Eight of the Kansas men’s basketball team’s projected 13 nonconference games are now public knowledge, after Doug Gottlieb revealed KU will open its season against his Green Bay team on Nov. 3.

That means a projected five are still unknown to the world at large, with the Big 12 returning to 18 conference games next year after an abortive attempt to squeeze 20 into the schedule.

Trying to predict when and what the remaining games could possibly be would absolutely be a fool’s errand. To say nothing of the fact that they could line up on any number of days, there are hundreds of college basketball teams and numerous potential permutations of who could play the Jayhawks when in which locations.

And yet … as someone obsessed with and immersed in the minutiae of college sports, especially the logistics involved, I feel like I have gotten a pretty good handle on what a Kansas men’s basketball schedule looks like. If I’m not going to replicate exactly what head coach Bill Self, sport administrator Sean Lester, athletic director Travis Goff and anyone else involved in setting up games ultimately produce when the 2025-26 nonconference schedule comes out in the next month or two, I’m at least going to be able to construct something interesting.
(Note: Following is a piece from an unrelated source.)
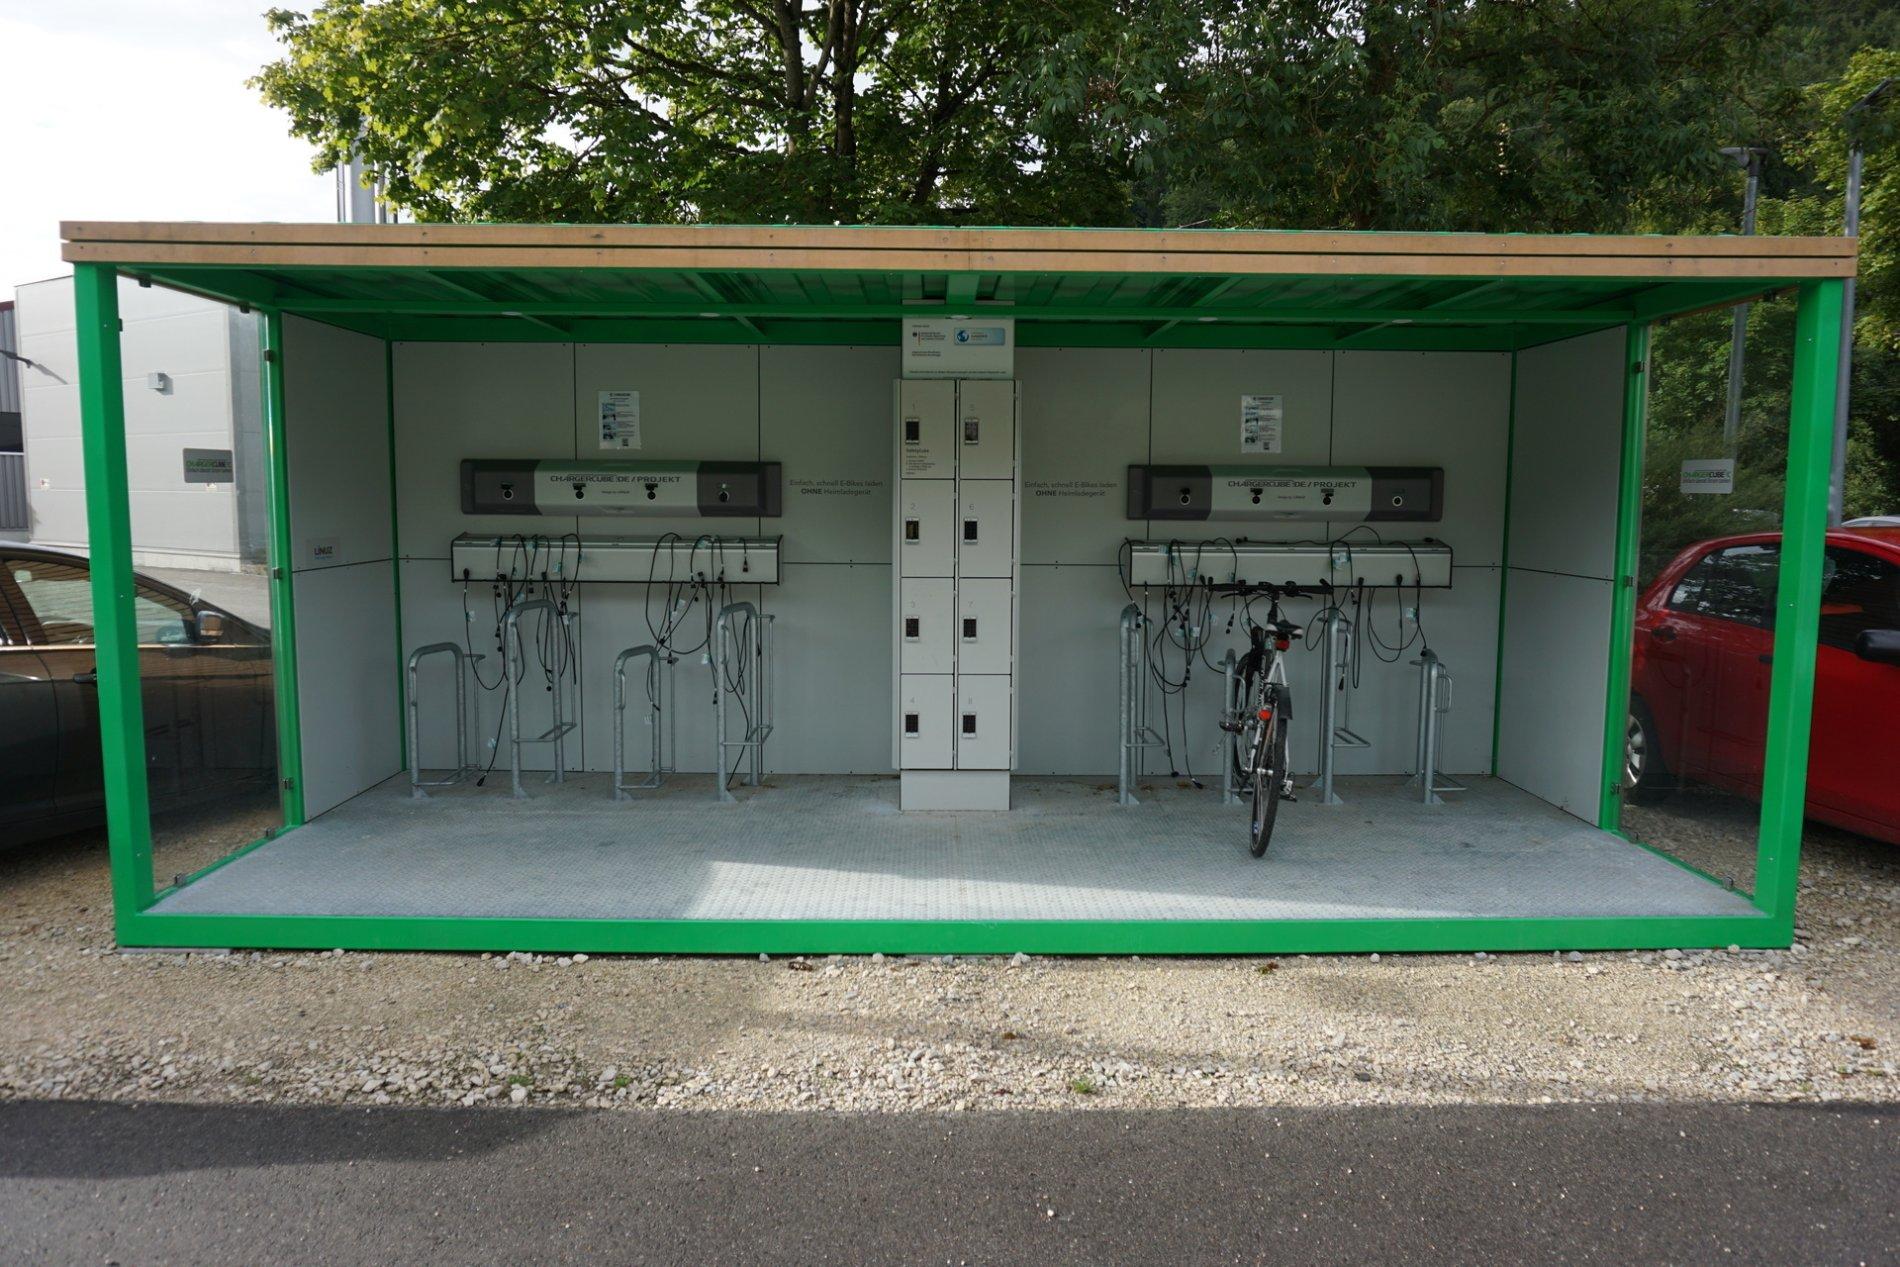 eine grüne E-Bike Ladestation mit verschiedenen Anschlüssen

That is what I will now do, beginning before the season actually starts.

The preseason

Each of the last two years, KU has gone on the road to face a power-conference opponent in exhibition action before the season begins. I feel certain this road exhibition will become a fixture of the schedule going forward.

For one thing it’s useful from an on-court perspective for KU’s players to get exposed to a packed, hostile environment — which an opposing venue will almost always be when the Jayhawks come to town — but at this point that pales in comparison to the game’s off-court utility.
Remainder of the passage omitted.